--- START ---

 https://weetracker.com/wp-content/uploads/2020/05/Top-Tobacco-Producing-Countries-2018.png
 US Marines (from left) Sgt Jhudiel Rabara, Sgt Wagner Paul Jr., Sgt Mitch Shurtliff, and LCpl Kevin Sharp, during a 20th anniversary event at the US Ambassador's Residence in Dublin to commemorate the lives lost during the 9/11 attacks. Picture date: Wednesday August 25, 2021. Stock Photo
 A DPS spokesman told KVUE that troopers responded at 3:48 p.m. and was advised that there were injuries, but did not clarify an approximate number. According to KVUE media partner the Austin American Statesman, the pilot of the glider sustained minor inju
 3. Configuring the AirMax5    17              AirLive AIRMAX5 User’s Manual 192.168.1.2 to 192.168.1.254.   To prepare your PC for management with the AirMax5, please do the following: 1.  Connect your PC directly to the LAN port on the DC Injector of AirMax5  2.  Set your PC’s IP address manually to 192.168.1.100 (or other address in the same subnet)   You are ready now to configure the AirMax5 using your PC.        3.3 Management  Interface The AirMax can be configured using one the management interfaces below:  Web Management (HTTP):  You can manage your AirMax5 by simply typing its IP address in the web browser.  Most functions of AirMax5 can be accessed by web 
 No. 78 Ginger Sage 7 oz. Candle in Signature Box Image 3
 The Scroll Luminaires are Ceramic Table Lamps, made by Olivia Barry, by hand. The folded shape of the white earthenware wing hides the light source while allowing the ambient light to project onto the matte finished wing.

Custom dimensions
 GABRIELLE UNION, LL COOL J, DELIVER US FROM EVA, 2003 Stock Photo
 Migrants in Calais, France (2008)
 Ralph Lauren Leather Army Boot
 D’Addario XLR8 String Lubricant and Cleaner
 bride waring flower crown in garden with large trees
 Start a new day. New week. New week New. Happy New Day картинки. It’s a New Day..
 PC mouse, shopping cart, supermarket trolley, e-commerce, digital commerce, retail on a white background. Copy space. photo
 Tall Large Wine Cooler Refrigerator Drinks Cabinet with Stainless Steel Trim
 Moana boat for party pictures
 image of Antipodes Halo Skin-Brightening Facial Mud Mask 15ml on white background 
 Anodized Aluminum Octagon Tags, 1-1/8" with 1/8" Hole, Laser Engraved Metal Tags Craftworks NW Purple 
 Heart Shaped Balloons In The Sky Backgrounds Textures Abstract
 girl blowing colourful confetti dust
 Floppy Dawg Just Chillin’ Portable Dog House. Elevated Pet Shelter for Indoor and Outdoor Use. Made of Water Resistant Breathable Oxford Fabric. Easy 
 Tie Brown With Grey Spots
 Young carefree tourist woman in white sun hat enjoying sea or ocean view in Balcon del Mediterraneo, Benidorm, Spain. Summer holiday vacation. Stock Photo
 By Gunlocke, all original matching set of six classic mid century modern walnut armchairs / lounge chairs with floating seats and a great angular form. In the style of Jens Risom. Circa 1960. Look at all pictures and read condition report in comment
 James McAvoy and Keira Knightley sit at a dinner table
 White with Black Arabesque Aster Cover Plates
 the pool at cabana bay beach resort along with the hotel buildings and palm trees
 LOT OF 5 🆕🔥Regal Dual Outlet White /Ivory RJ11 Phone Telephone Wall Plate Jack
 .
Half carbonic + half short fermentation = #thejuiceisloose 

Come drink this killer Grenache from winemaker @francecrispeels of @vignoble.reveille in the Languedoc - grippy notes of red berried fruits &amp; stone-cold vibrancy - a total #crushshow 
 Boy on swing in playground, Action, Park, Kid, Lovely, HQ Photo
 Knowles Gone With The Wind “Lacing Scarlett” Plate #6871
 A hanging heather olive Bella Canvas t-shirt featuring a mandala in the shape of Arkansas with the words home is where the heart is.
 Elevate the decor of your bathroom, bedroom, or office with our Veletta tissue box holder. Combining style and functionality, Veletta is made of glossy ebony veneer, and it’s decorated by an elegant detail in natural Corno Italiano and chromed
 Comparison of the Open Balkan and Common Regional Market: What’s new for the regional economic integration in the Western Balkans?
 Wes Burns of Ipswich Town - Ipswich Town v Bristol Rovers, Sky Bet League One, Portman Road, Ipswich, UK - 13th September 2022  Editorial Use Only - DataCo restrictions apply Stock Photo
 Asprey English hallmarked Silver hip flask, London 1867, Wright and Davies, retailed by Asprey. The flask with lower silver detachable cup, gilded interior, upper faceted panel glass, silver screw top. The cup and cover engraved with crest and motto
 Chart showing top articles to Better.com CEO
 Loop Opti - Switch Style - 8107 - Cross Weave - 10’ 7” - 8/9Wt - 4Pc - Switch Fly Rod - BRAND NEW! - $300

--- END ---

In the entries above, the lines from the one bearing "Ralph Lauren Leather Army Boot" up to and including the one bearing "White with Black" should be transcribed exactly; no other line is wanted.

 Ralph Lauren Leather Army Boot
 D’Addario XLR8 String Lubricant and Cleaner
 bride waring flower crown in garden with large trees
 Start a new day. New week. New week New. Happy New Day картинки. It’s a New Day..
 PC mouse, shopping cart, supermarket trolley, e-commerce, digital commerce, retail on a white background. Copy space. photo
 Tall Large Wine Cooler Refrigerator Drinks Cabinet with Stainless Steel Trim
 Moana boat for party pictures
 image of Antipodes Halo Skin-Brightening Facial Mud Mask 15ml on white background 
 Anodized Aluminum Octagon Tags, 1-1/8" with 1/8" Hole, Laser Engraved Metal Tags Craftworks NW Purple 
 Heart Shaped Balloons In The Sky Backgrounds Textures Abstract
 girl blowing colourful confetti dust
 Floppy Dawg Just Chillin’ Portable Dog House. Elevated Pet Shelter for Indoor and Outdoor Use. Made of Water Resistant Breathable Oxford Fabric. Easy 
 Tie Brown With Grey Spots
 Young carefree tourist woman in white sun hat enjoying sea or ocean view in Balcon del Mediterraneo, Benidorm, Spain. Summer holiday vacation. Stock Photo
 By Gunlocke, all original matching set of six classic mid century modern walnut armchairs / lounge chairs with floating seats and a great angular form. In the style of Jens Risom. Circa 1960. Look at all pictures and read condition report in comment
 James McAvoy and Keira Knightley sit at a dinner table
 White with Black Arabesque Aster Cover Plates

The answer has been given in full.